Ia tak belajar 10 semester di ruang kuliah teologi, tetapi ia mengajarkan saya tentang siapa Allah.
Ia mengajarkan saya arti pengharapan, walaupun harapan itu hanya setipis celah pada pintu yang tertutup rapat.
Ia mengajarkan saya arti kelembutan, ketika ia melihat air mata dan rasa sakit.
Ia mengajarkan saya arti ketegaran, dalam ruang kehidupannya yang tak semudah yang kita kira.

Suatu saat, saya bergumul sehingga saya memintanya untuk mendoakan saya. Hati saya bergetar ketika dia mendoakan saya dengan doa Bapa Kami. Ia tak tahu apa yang saya gumuli, tetapi ketulusannya menguatkan saya yang saat itu merasa ada di titik nadir.Terima kasih X, karena telah menjadi guru dan sahabat bagi saya. Pengalaman ini menjadi suatu rinai kelegaan di tengah padang gurun spiritual. Dan saya menanti, tugas selanjutnya dari Tuhan untuk berjumpa dengan orang-orang berkebutuhan khusus yang akan menjadi guru dan sahabat saya.

Jakarta, 25 November 2015
ketika mengintip cahaya pada celah pintu pengharapan.

Kamis, 08 Oktober 2015

Oma Yun dan HUT GKI Kayu Putih ke-35

Tadi pagi, saya melawat Oma Yun, salah satu “founder” GKI Kayu Putih. Oma Yun tidak pernah ingat nama saya, tapi dia selalu hafal wajah saya. “Kamu, yang suka khotbah di depan kan. Saya ingat wajah kamu, tapi saya lupa nama kamu.” Setiap bertemu dia, saya seperti berjumpa dengan almarhum nenek saya. Bagi yang belum kenal Oma Yun, dia adalah seorang oma yang ceria dan tulus. Dia rajin membaca Alkitab dan menyalinnya di buku tulisnya.
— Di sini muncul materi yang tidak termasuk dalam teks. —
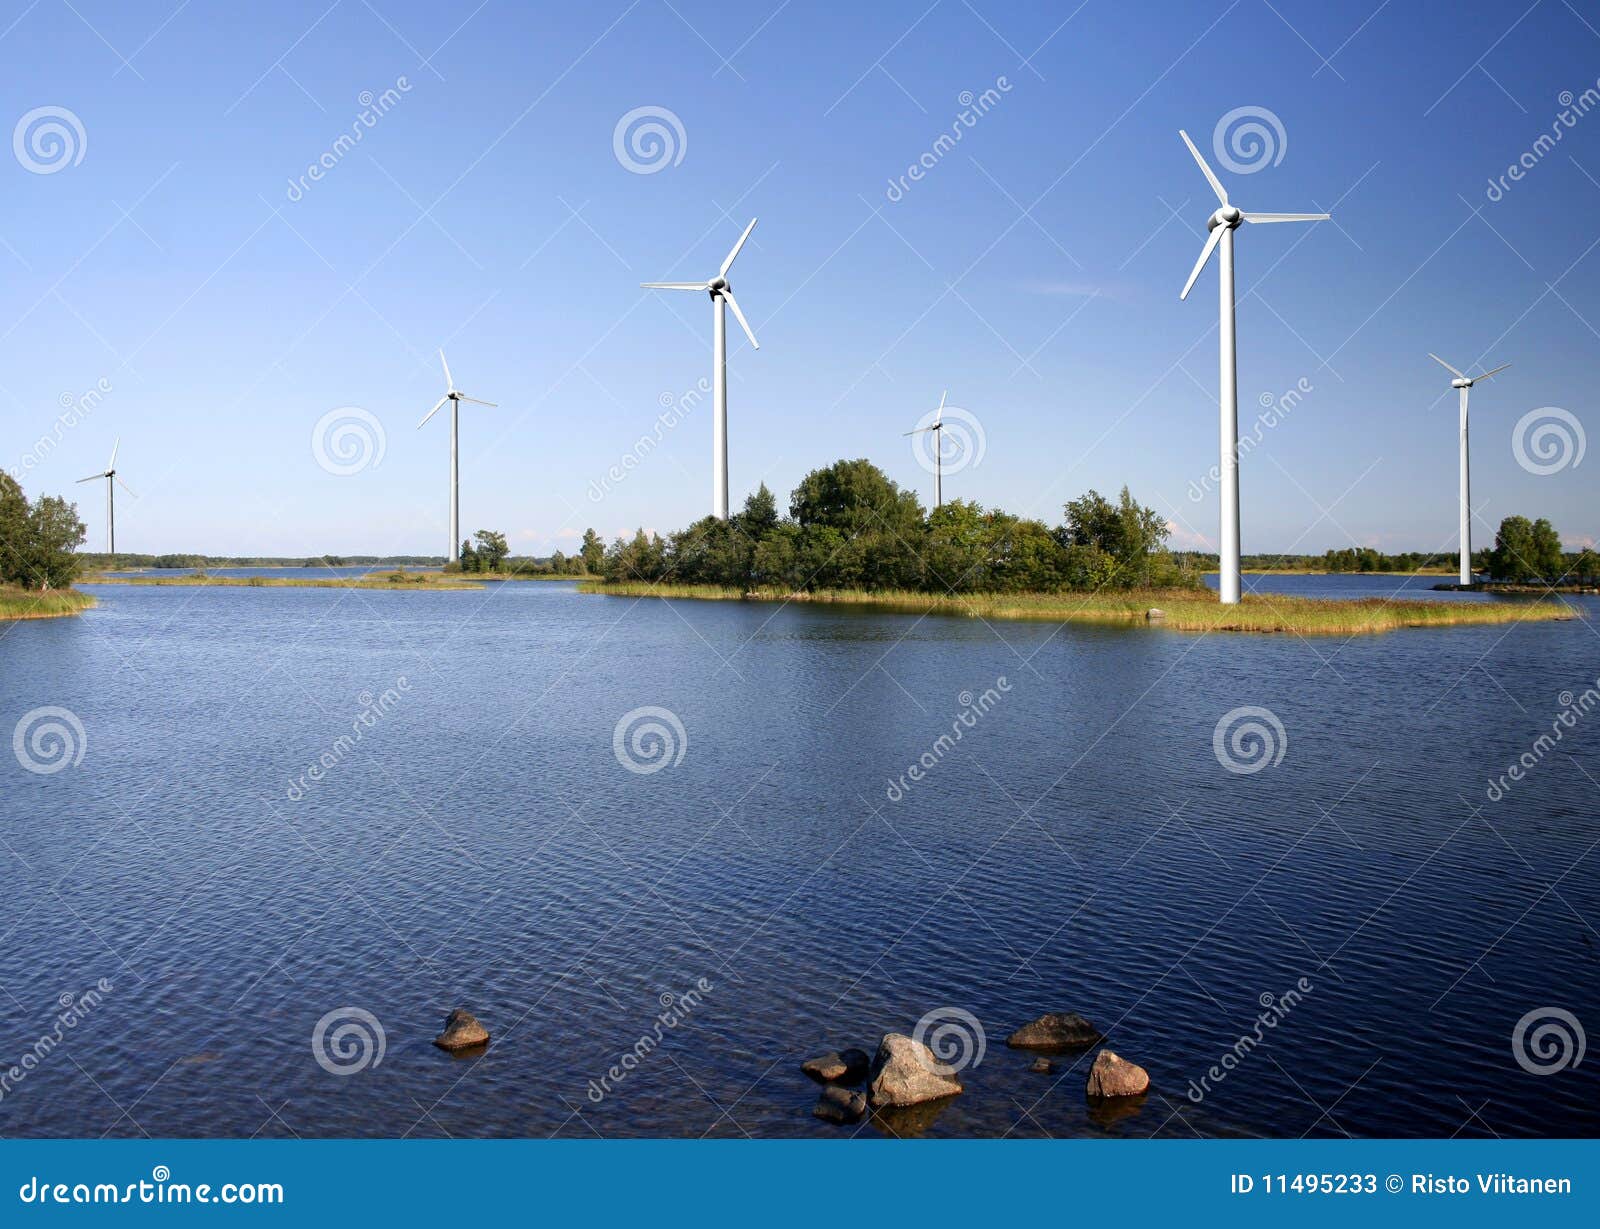 Wind power farm producing renewable electricity at seashore.
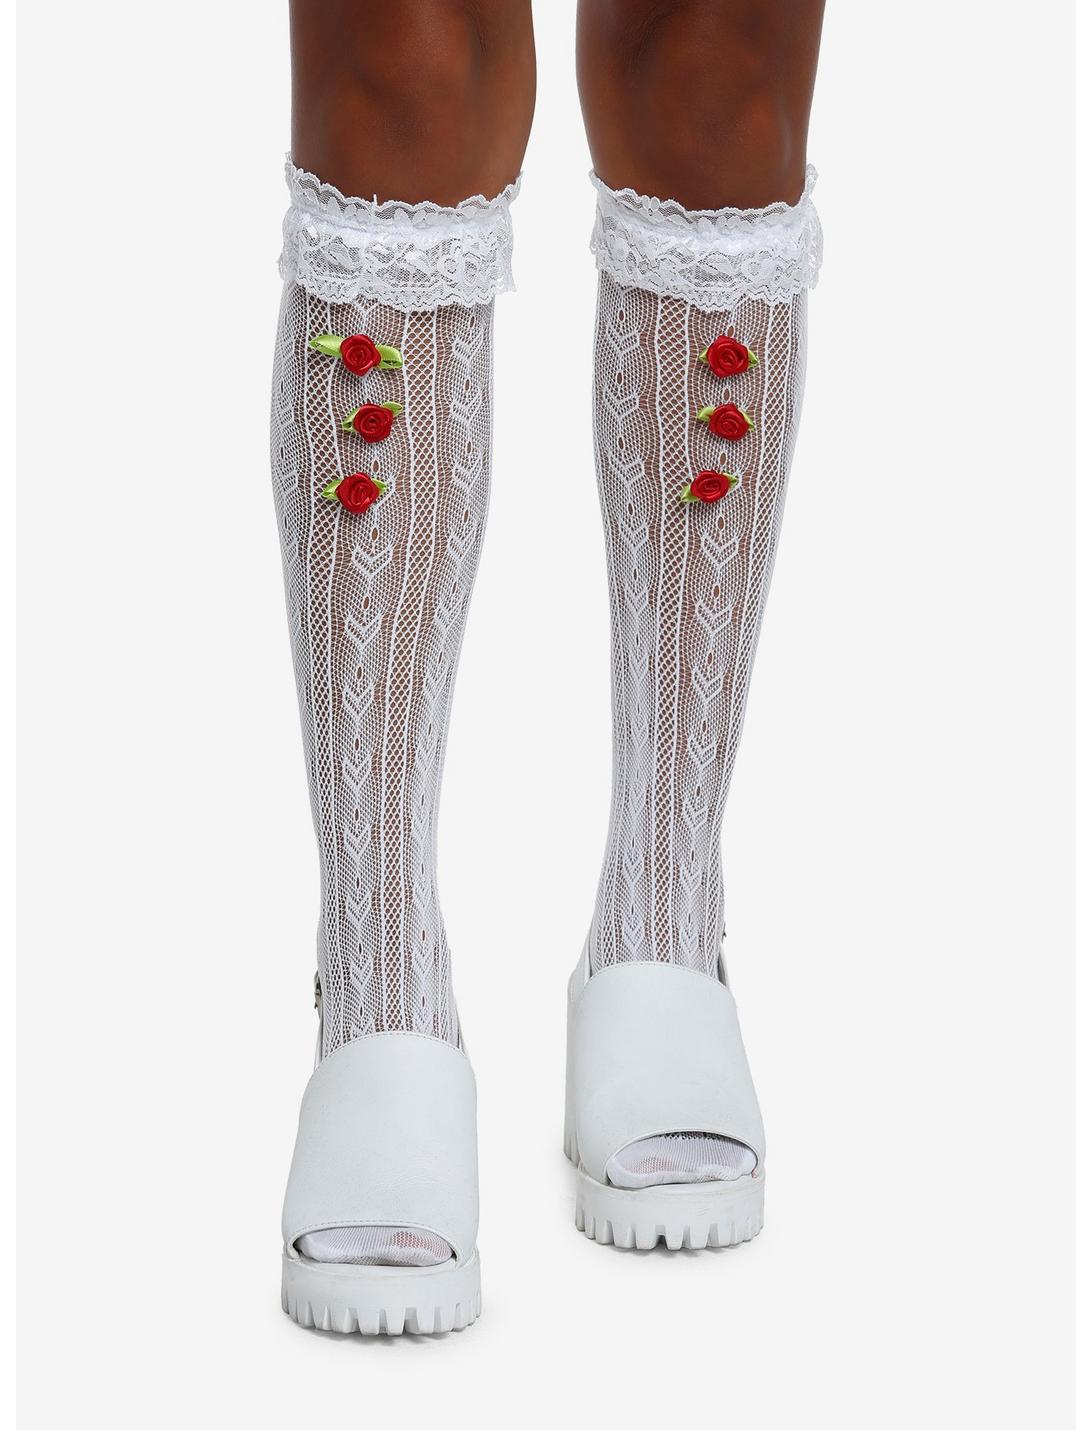 White Ruffle Rose Knee High Socks, , hi-res

Dalam percakapan dengan Oma Yun tadi pagi, saya menanyakan, “Apa harapan Oma Yun buat GKI Kayu Putih yang sedang berulang tahun ke-35?” Lalu, Oma Yun menjawab, “Ya, sekarang kalau ke gereja udah banyak orang baru yang saya tidak kenal. Tapi, saya bersyukur karena kedatangan orang baru ke gereja kita adalah anugerah Tuhan. Senang rasanya kalau saya menyapa orang baru. Saya juga senang kalau ketemu teman-teman lama di gereja setiap hari Minggu. Sederhana saja, saya berharap agar GKI Kayu Putih tetap kompak dan berjalan bersama-sama. Enak khan kalau punya teman”.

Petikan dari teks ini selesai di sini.